■ What the task requires
The data below should be transcribed in full, with no picture included.

[[ Information provided open ]]

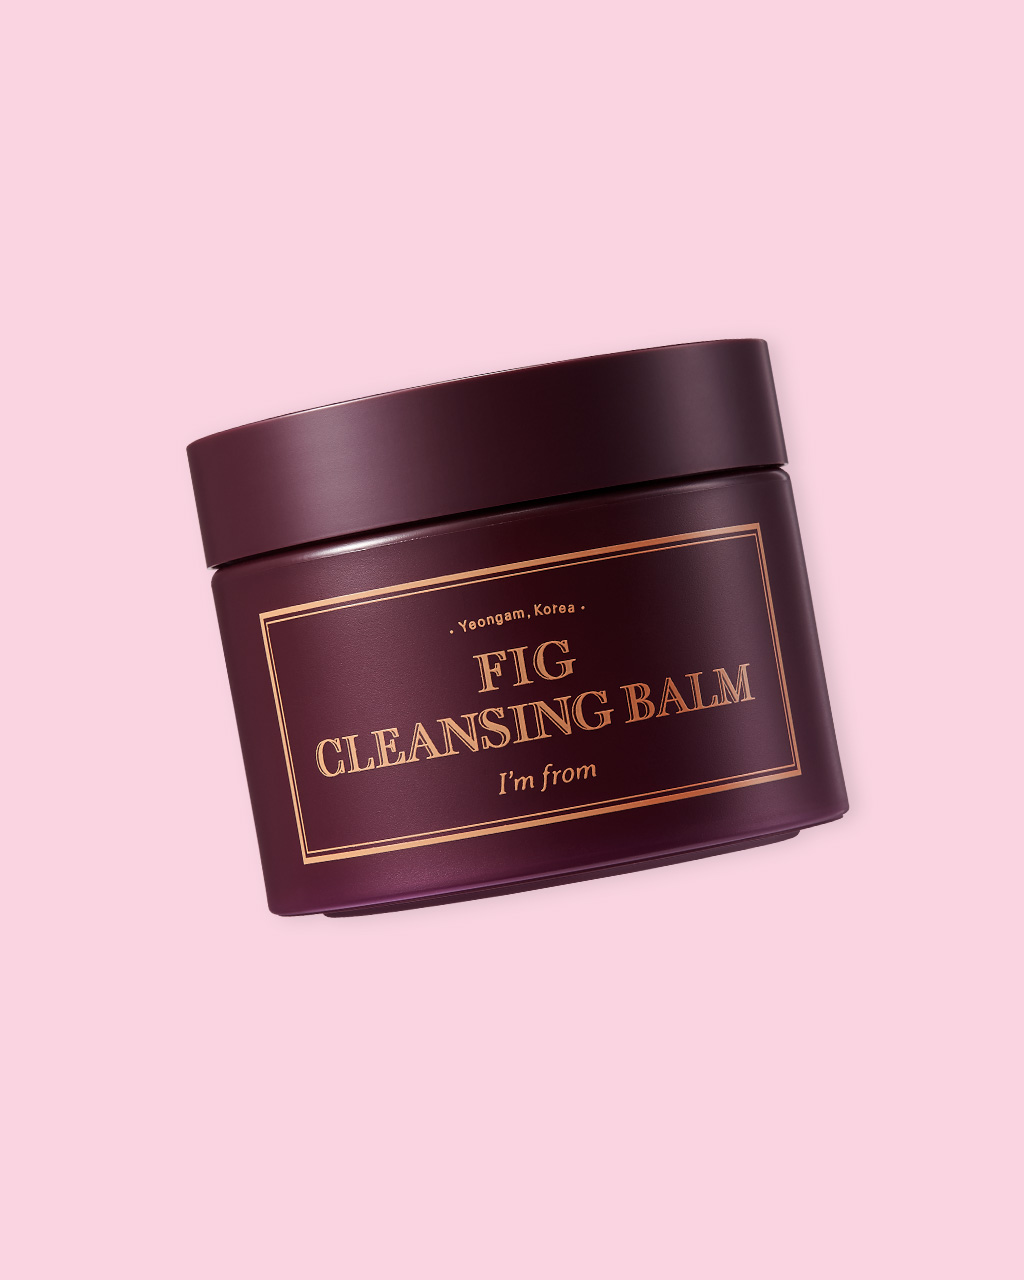 Im-From-Fig-Cleansing-Balm-skin-care-korean (2)
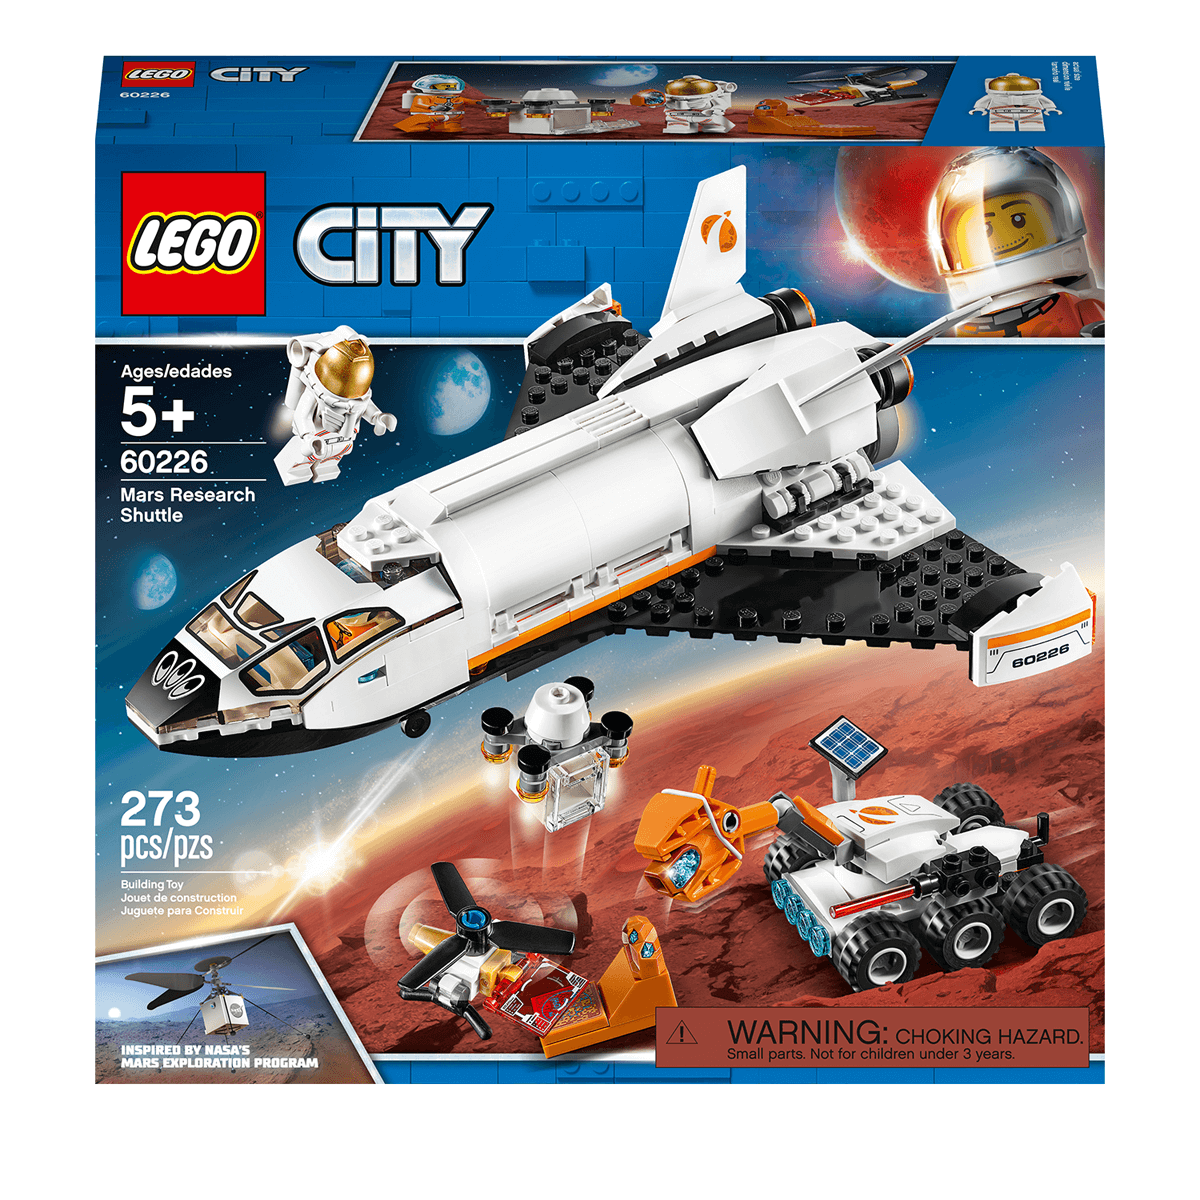  LEGO City Mars Research Shuttle Spaceship Construction - 60226
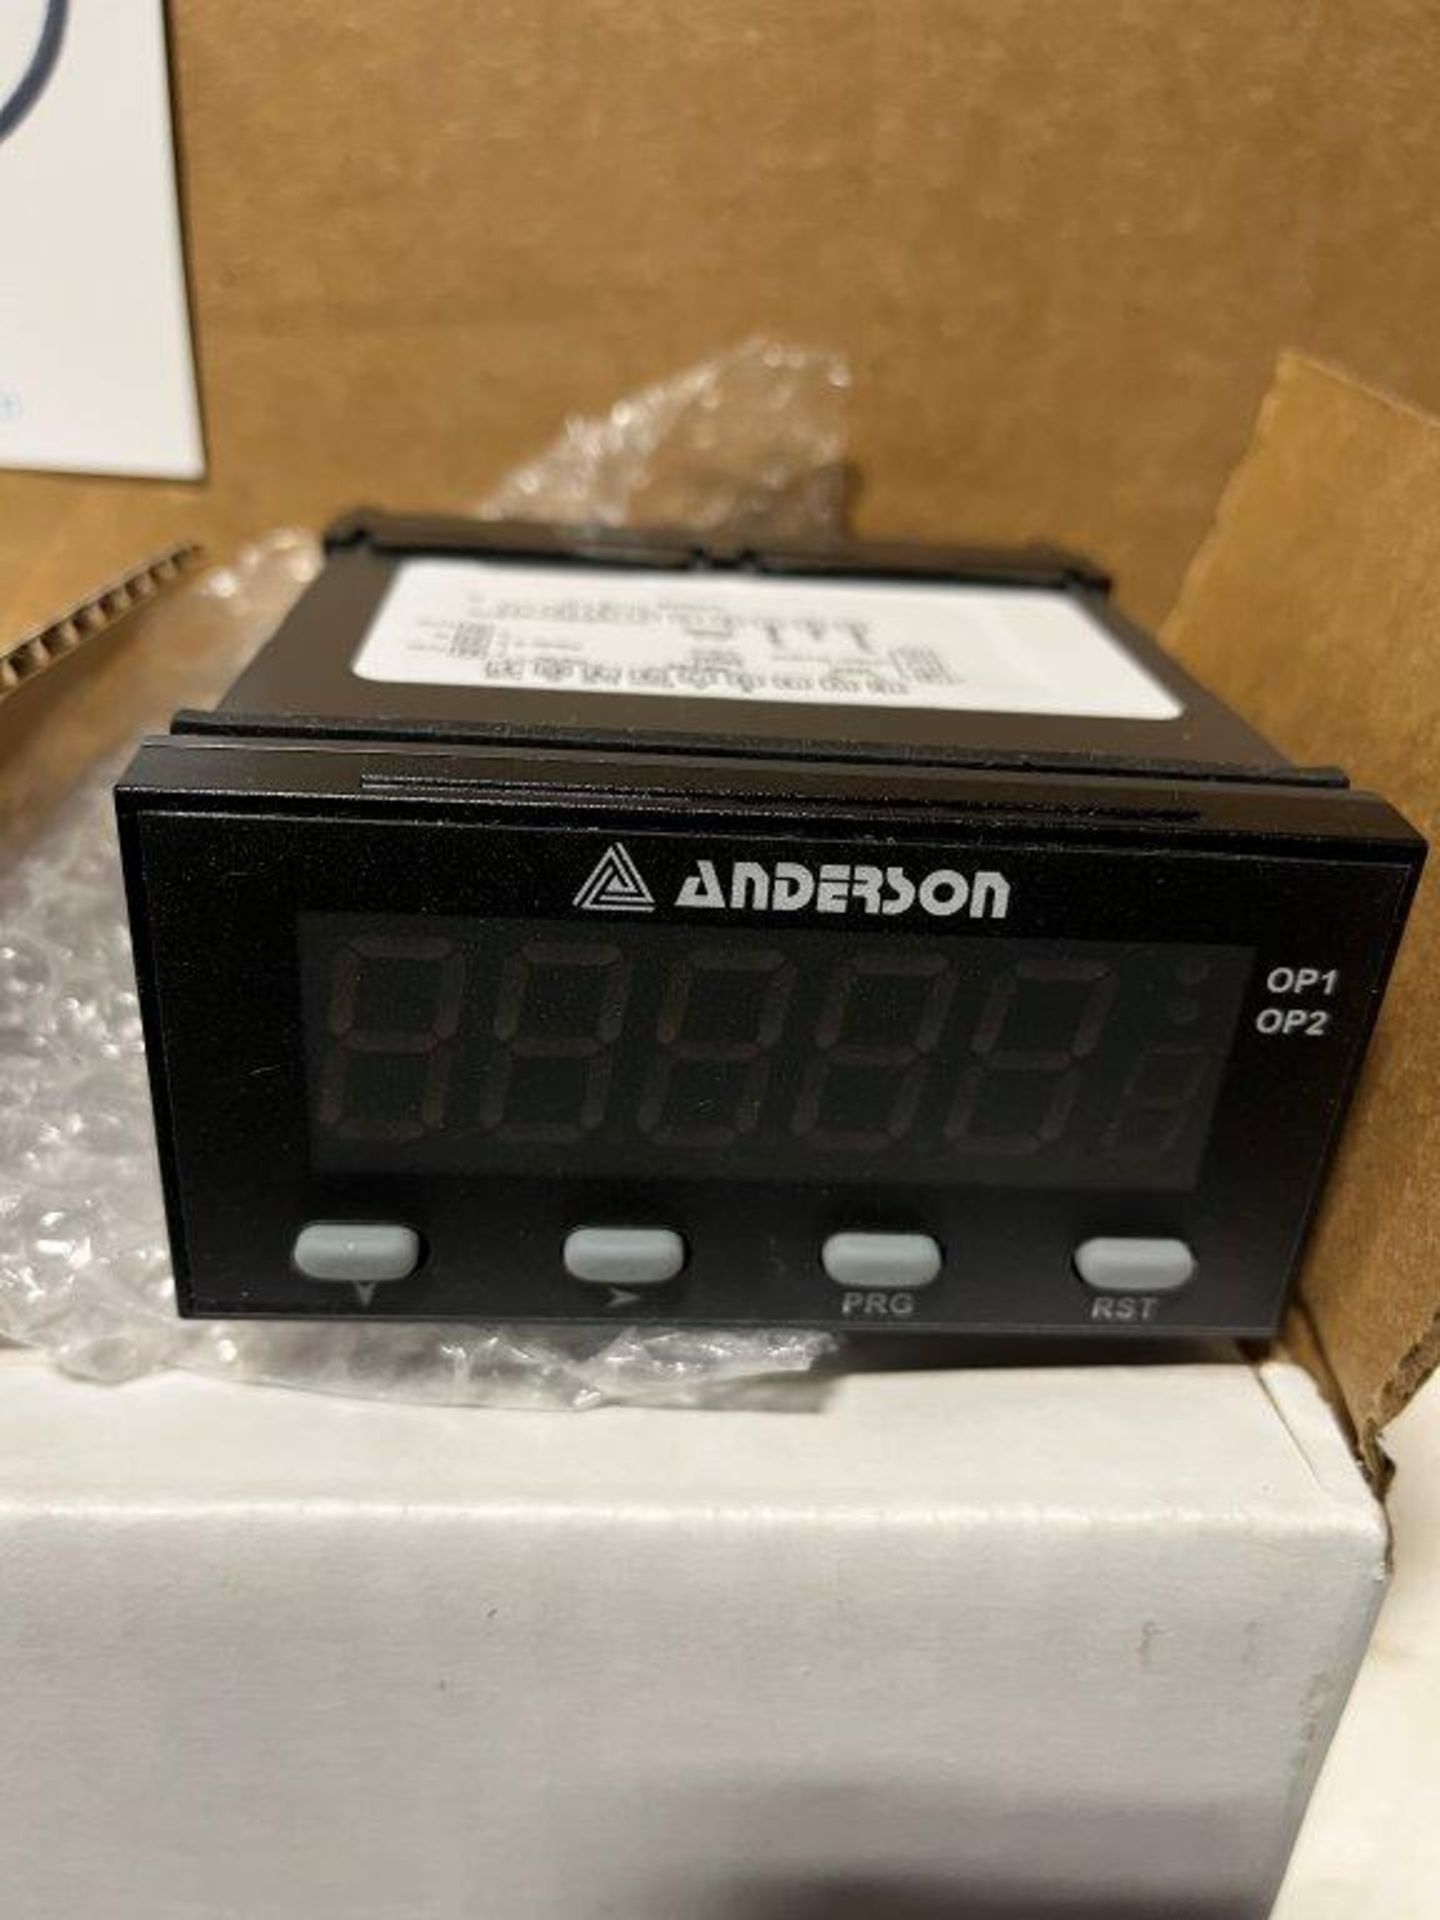 (8) Anderson GKS628-11300 Temperature Controllers - Image 2 of 2
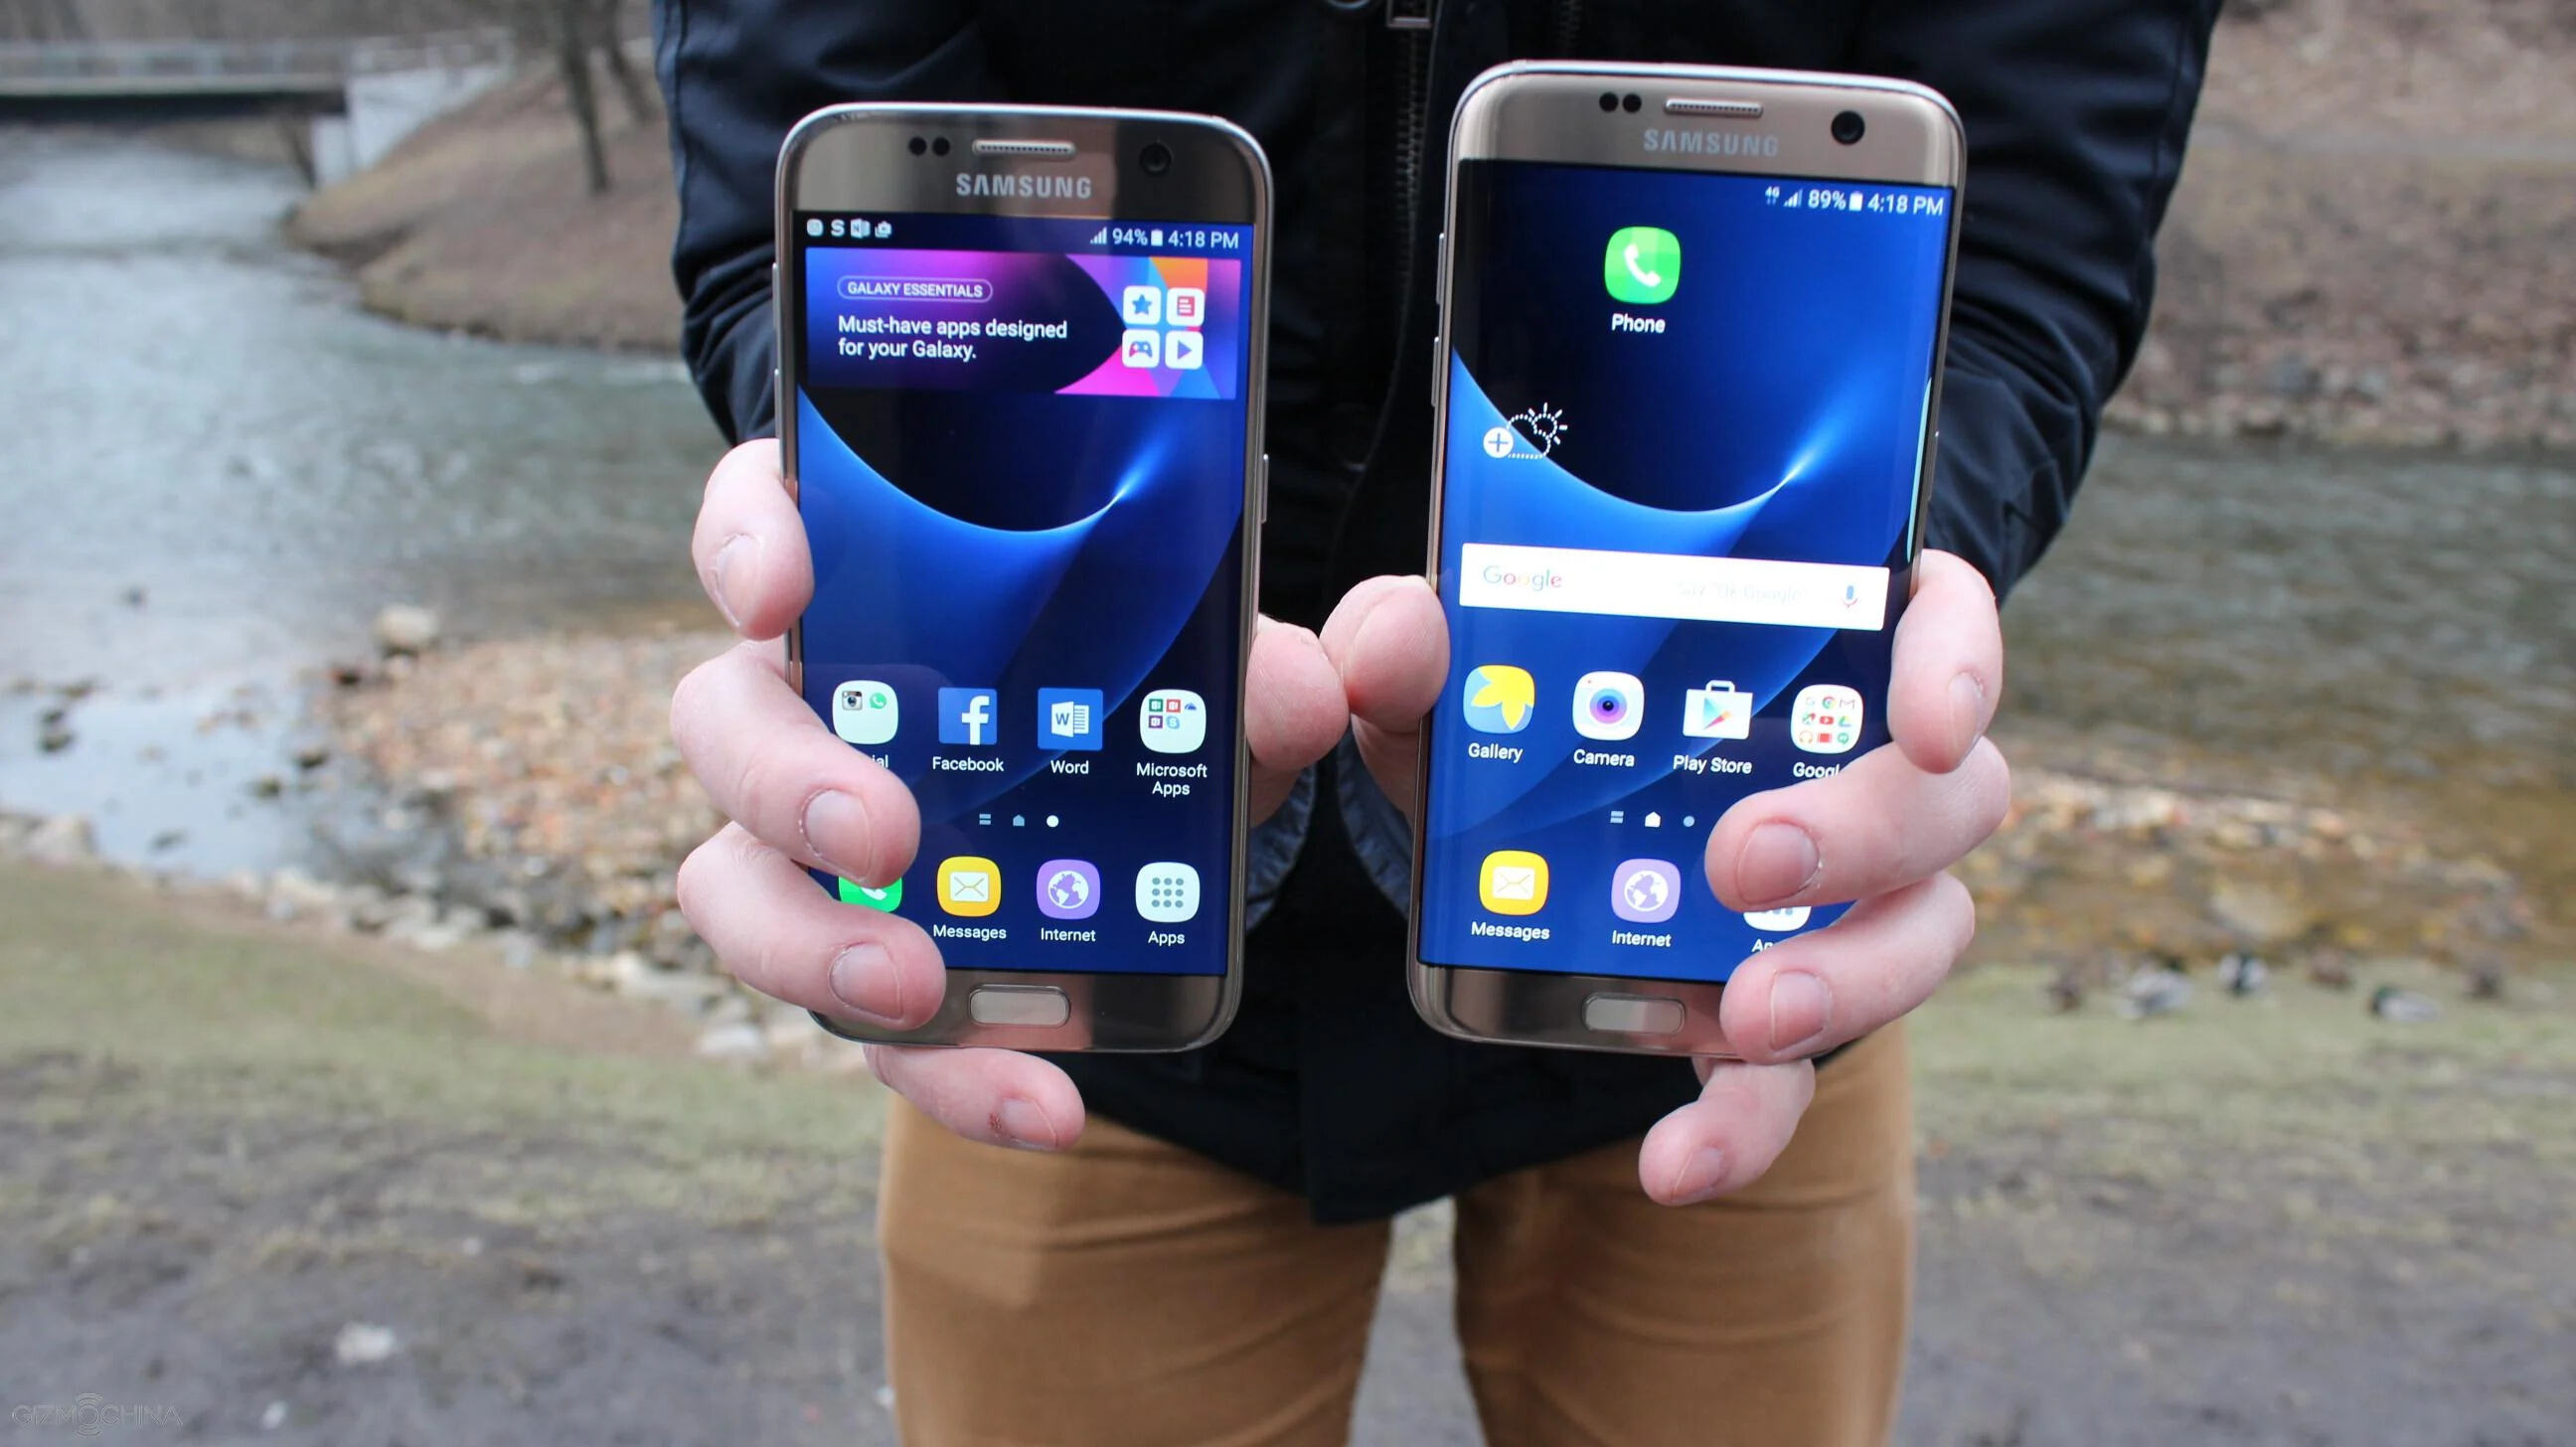 galaxy-s7-edge-was-the-top-selling-phone-in-early-2016

[[ Information provided closed ]]

■ Expected output
 Im-From-Fig-Cleansing-Balm-skin-care-korean (2)
  LEGO City Mars Research Shuttle Spaceship Construction - 60226
 (8) Anderson GKS628-11300 Temperature Controllers - Image 2 of 2
 galaxy-s7-edge-was-the-top-selling-phone-in-early-2016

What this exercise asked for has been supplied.